И в эти минуты Варя была счастлива, и для нее не существовало лучшего признания в любви. Он остался для нее единственным мужчиной на всю жизнь, с кем–то другим она себя даже представить не могла. А потом Вадим умер в одночасье от инфаркта, и для Вари рухнуло всё. Она не понимала, как и для чего ей жить дальше. Вскоре после этого её мягко, но настойчиво спровадили на пенсию из той самой конторы, нужно было освободить место для чьей–то молоденькой племянницы. Катастрофы в этом не было, Вадим оставил Варе деньги на счете, и она могла на них жить совсем неплохо, но она совершенно не понимала зачем. Ей было 56, и у нее не было никого близкого. Будучи человеком робким и замкнутым, Варвара так и не смогла нажить себе настоящих друзей, были, конечно, приятельницы, сейчас уже дамы в возрасте, обремененные заботами о детях и внуках. Немногочисленные родственники тоже вспоминали о ней только по праздникам. В первый раз в жизни Варвара Александровна со всей беспощадной очевидностью поняла, что никому не нужна. Раньше она чувствовала, что нужна Вадиму, несмотря на то, что они уже давно не были мужем и женой, она знала, что, если бы не она, ему было бы совсем одиноко, её слабость и почти детская беспомощность давали ему силу, чтобы жить и побеждать. А кому теперь нужна её слабость и беспомощность…
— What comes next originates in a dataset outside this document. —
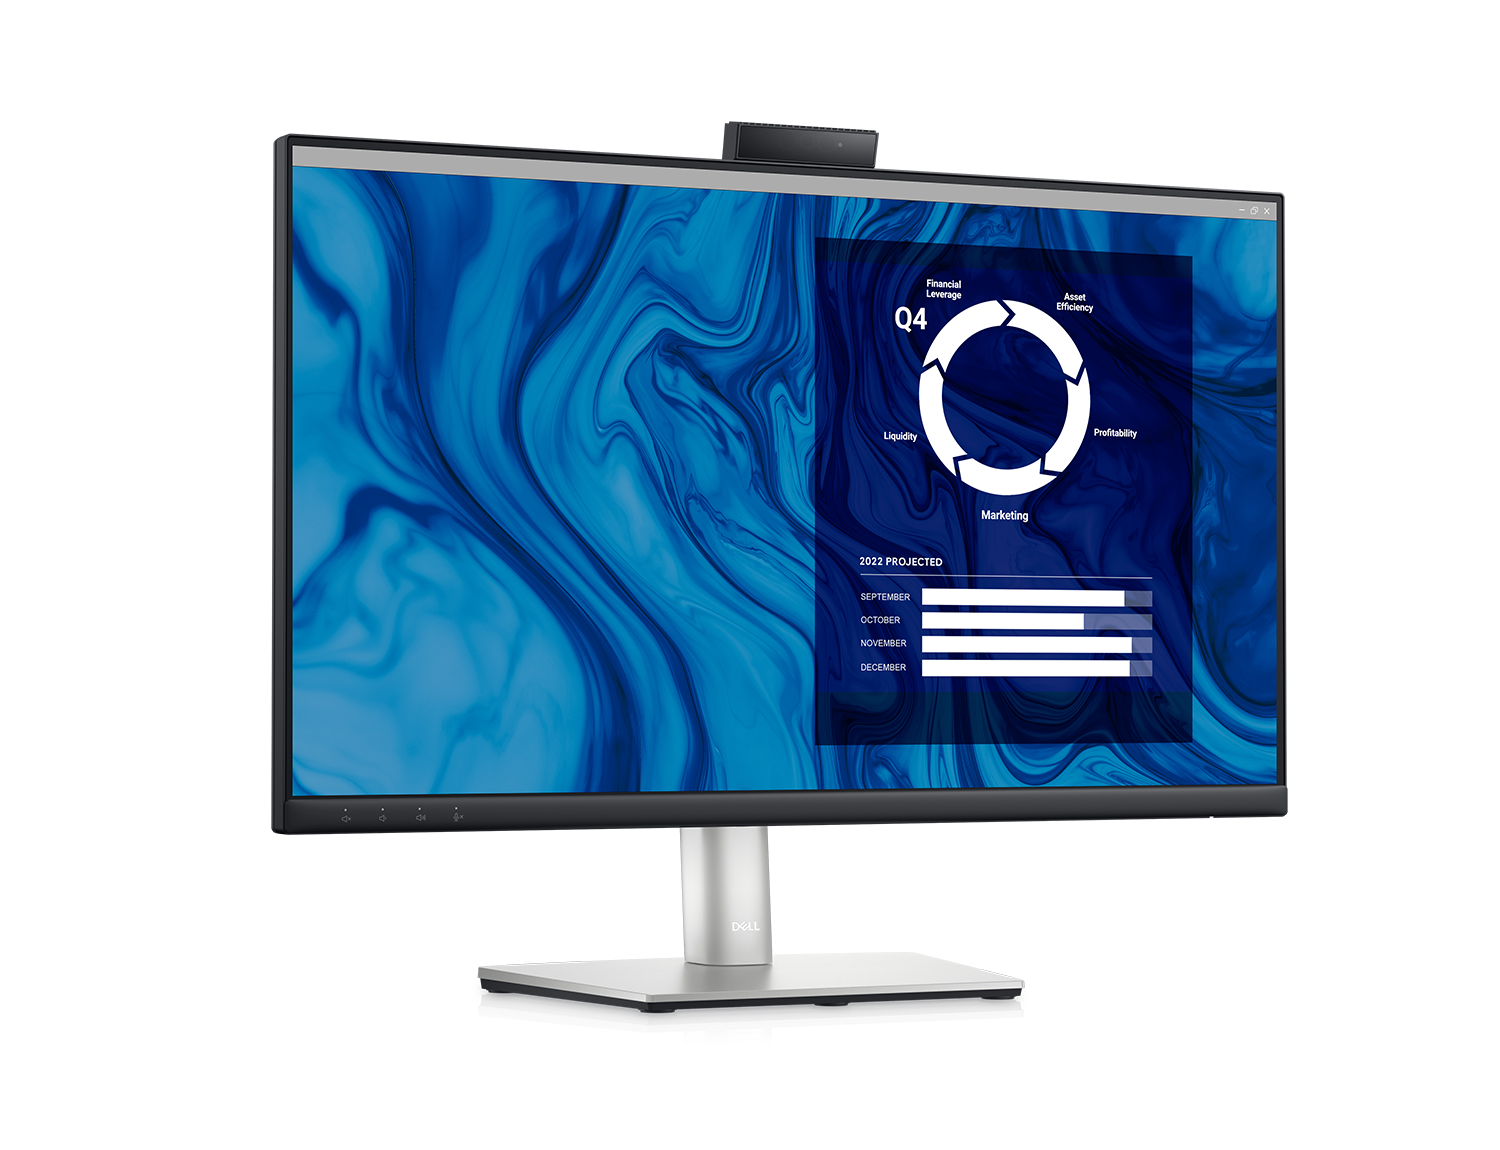 Imagem do Monitor de Videoconferência Dell C2423H com fundo azul e branco e um painel de controlo no ecrã.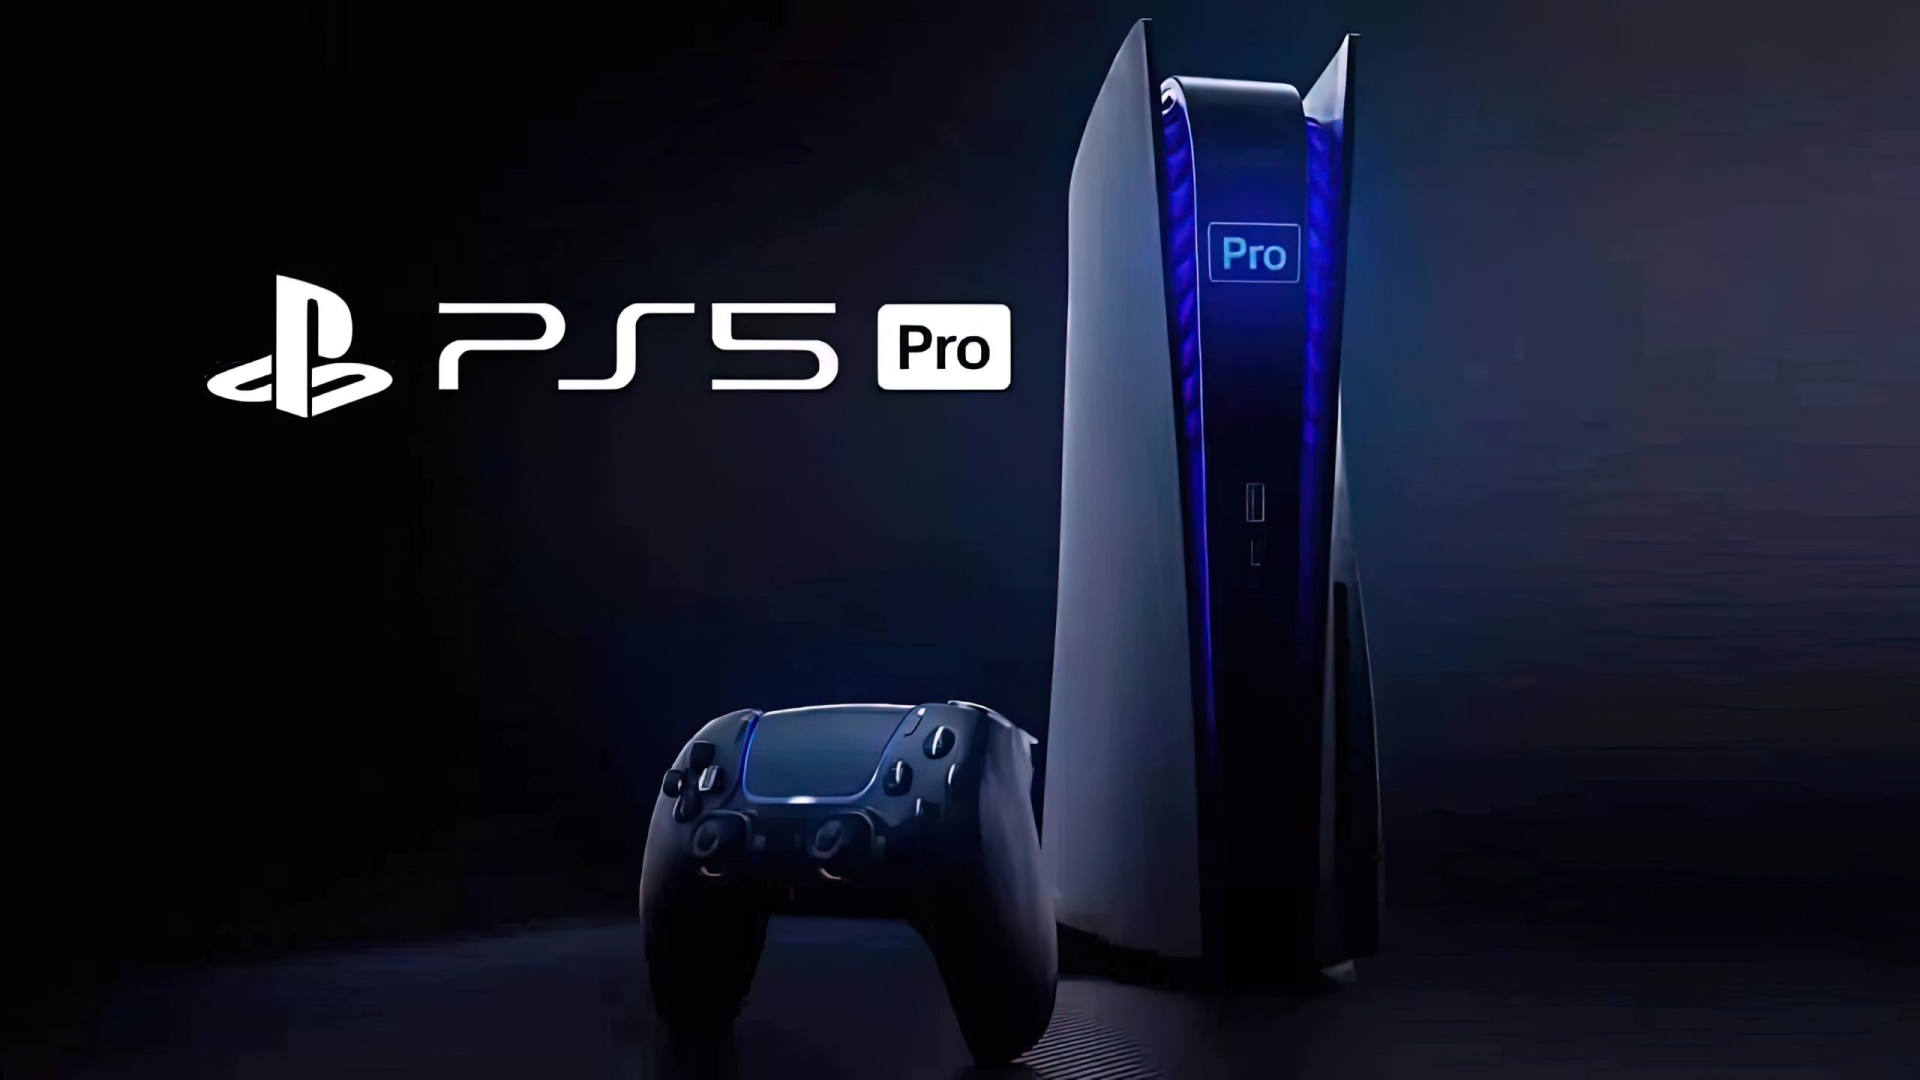 Các nhà phát triển cho rằng PS5 Pro không cần thiết lắm

Оказалось, что нужна. Неожиданно позвонила двоюродная сестра из Новгорода, с просьбой приютить её сына, только что окончившего институт и желающего поискать работу в Москве. Варя обрадовалась, Илюшу последний раз она видела лет восемь назад, на поминках их общей с сестрой бабушки, он был худеньким 14–летним подростком с лохматой сальной шевелюрой и слегка оттопыренными ушами, смешной такой, застенчивый. Взрослый Илюша оказался совсем иным. На вид ему можно было дать все тридцать, румяный, мордастый, коротко стриженный, с хитрыми зелеными глазами и уши, благодаря раздавшейся физиономии теперь не казали оттопыренными. В квартире «теть Вари» он сразу почувствовал себя как дома. С хозяйкой не церемонился, и периодически стрелял у нее то пятьсот, то тысячу, не думая отдавать, объясняя это тем, что ей, пожилой женщине, деньги–то и не особо нужны, а ему, молодому, без них никак нельзя, пока работа по душе и призванию не нашлась. Работа что–то долго не находилась, зато находились друзья, с которыми он любил сидеть на её кухне с пивком до глубокой ночи, а то и до утра. Варя ютилась у себя в комнате, раньше эта комната была гостевая, Варя спала в другой, той что с балконом. Она очень любила сидеть на застеленном Вадимом балконе и смотреть на верхушки деревьев: то зеленых, то желтых, то голых. Она любила эти деревья. И несмотря на свою, вроде бы, не удавшуюся жизнь, ей хотелось жить дальше, приходили на ум строчки из Есенина: «Знаю я, что в той стране не будет, этих нив, златящихся во мгле». А у нее не будет этих верхушек лип, берез и старого дуба… Илюша отнял у нее даже это, поскольку ему нужно было комнату попросторнее и курить на балконе. Но она не обвиняла его, а корила себя за то, что не может принять его в своем сердце, если уж не как сына, то хотя бы как близкого младшего родственника, что ничего он в ней, кроме раздражения, не вызывает, а деньги… Да зачем они ей действительно… Ничего ей не нужно. Жалко только, что ей лишь пятьдесят шесть, а не восемьдесят и со здоровьем всё по большому счету нормально, в отличие от многих её знакомых-ровесниц. «А то умерла бы по–быстрому, квартиру бы ему оставила, хоть какая-то польза», – думала Варя.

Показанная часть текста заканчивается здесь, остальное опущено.